Given data Block Start

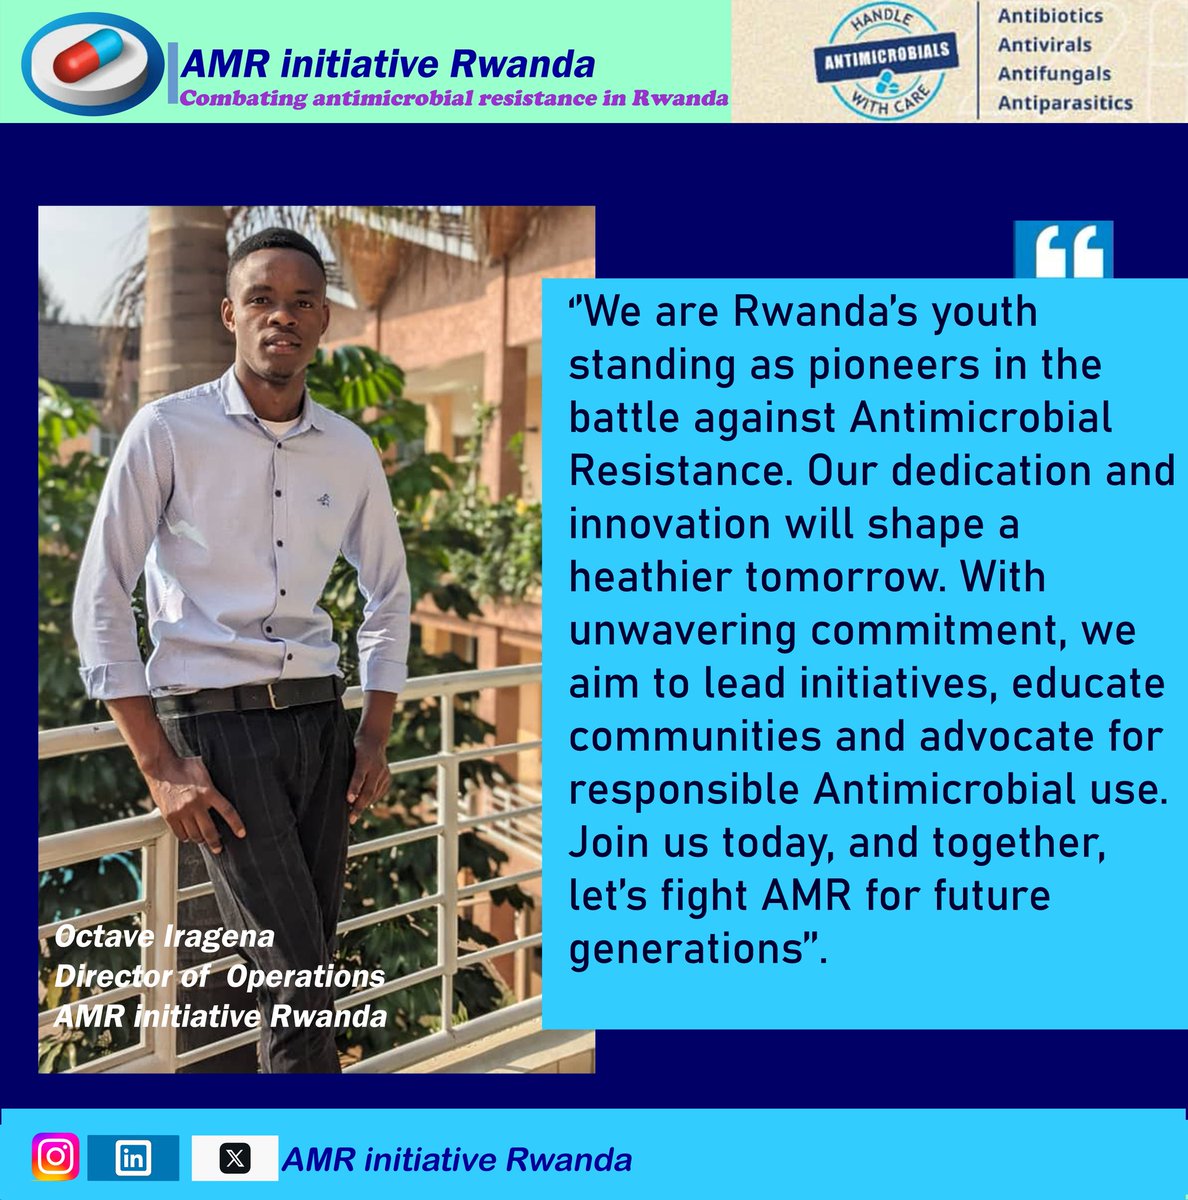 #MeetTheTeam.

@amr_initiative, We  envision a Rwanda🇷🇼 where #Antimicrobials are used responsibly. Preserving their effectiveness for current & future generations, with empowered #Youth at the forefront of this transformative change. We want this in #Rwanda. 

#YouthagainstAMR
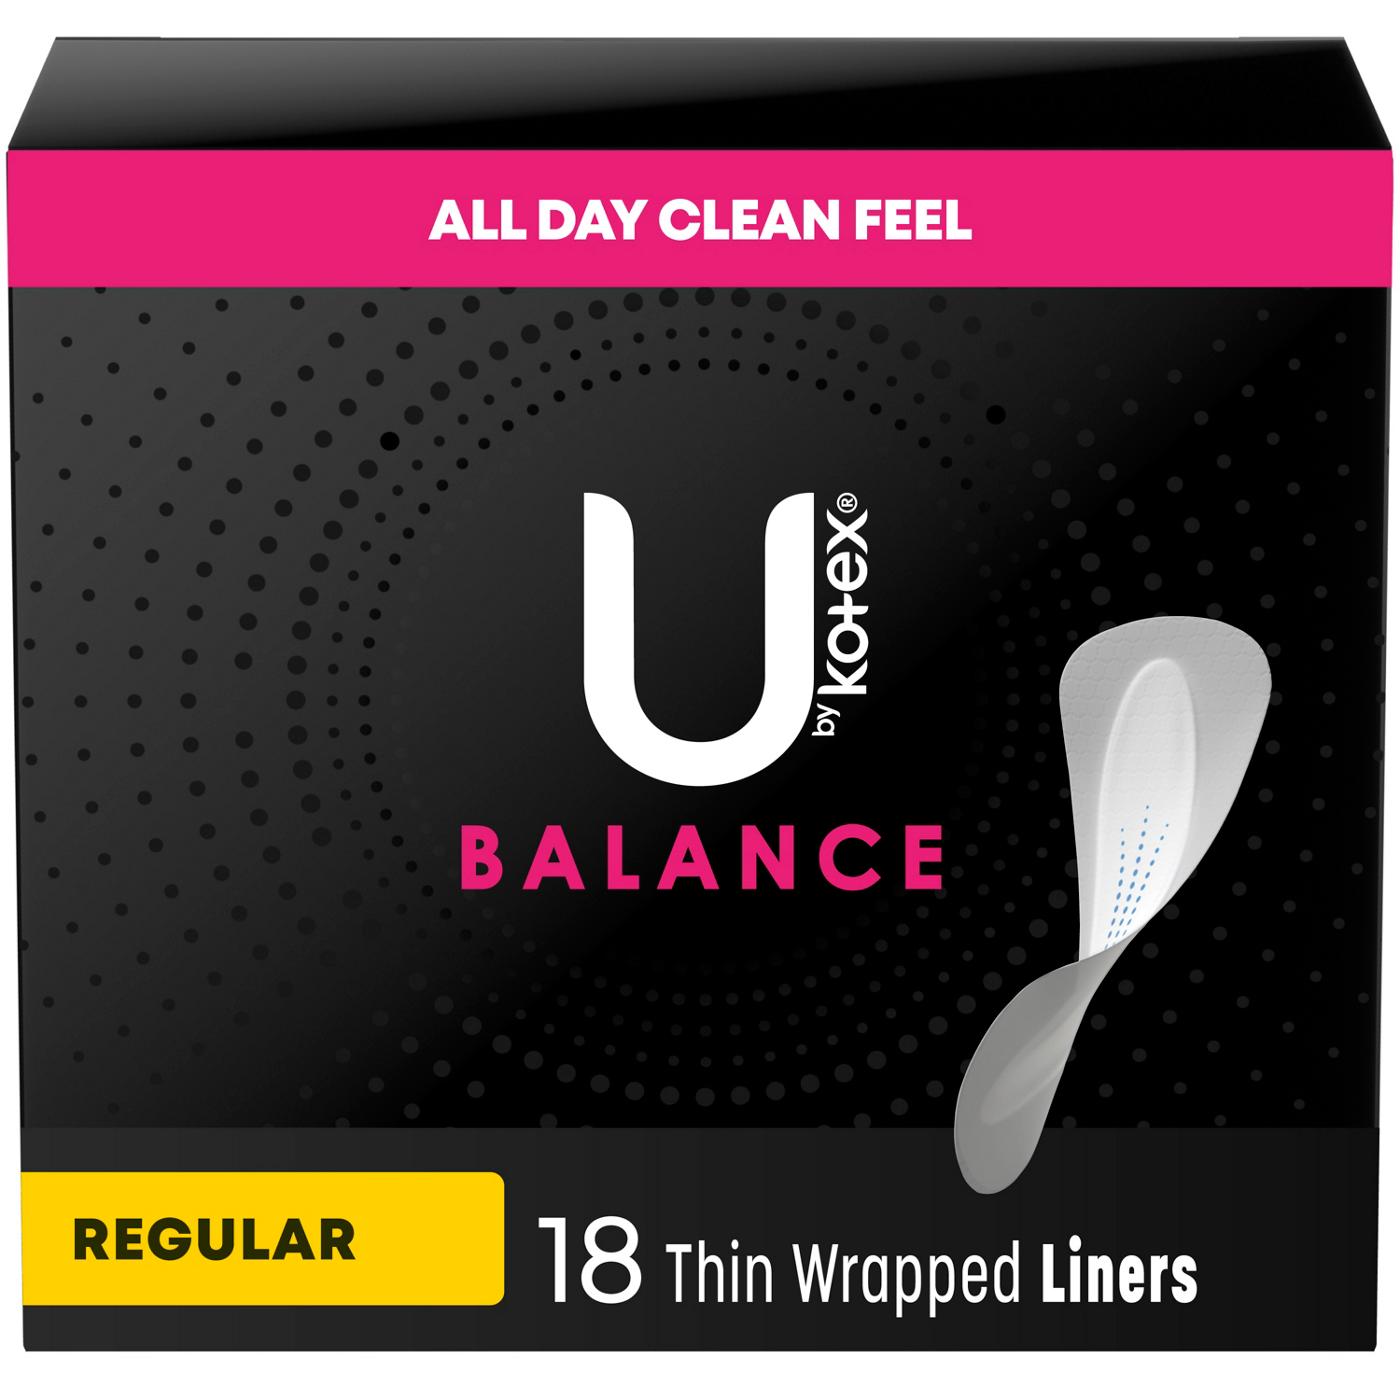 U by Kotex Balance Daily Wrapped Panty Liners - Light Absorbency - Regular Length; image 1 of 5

Given data Block End
Given data Block Start

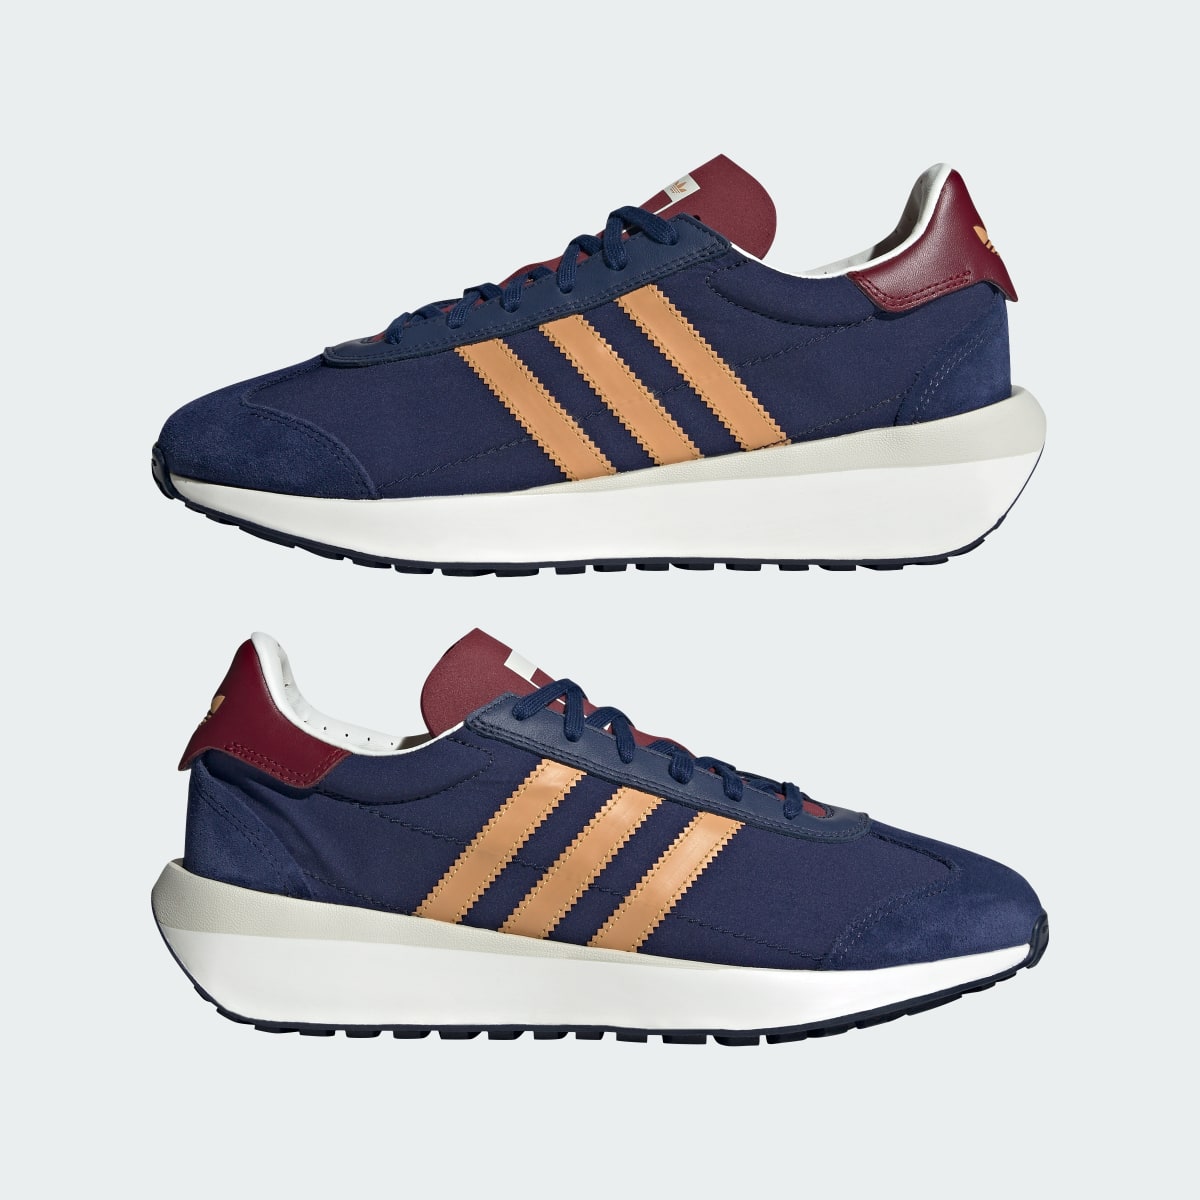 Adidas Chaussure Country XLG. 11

Given data Block End

> [What the task requires] Each line above starting at the one holding "#MeetTheTeam." and ending at the one holding "U by Kotex Balance" should be set down exactly as it stands, both ends included, with no pictures.

> [Solution for this problem]
 #MeetTheTeam.

@amr_initiative, We  envision a Rwanda🇷🇼 where #Antimicrobials are used responsibly. Preserving their effectiveness for current & future generations, with empowered #Youth at the forefront of this transformative change. We want this in #Rwanda. 

#YouthagainstAMR
 U by Kotex Balance Daily Wrapped Panty Liners - Light Absorbency - Regular Length; image 1 of 5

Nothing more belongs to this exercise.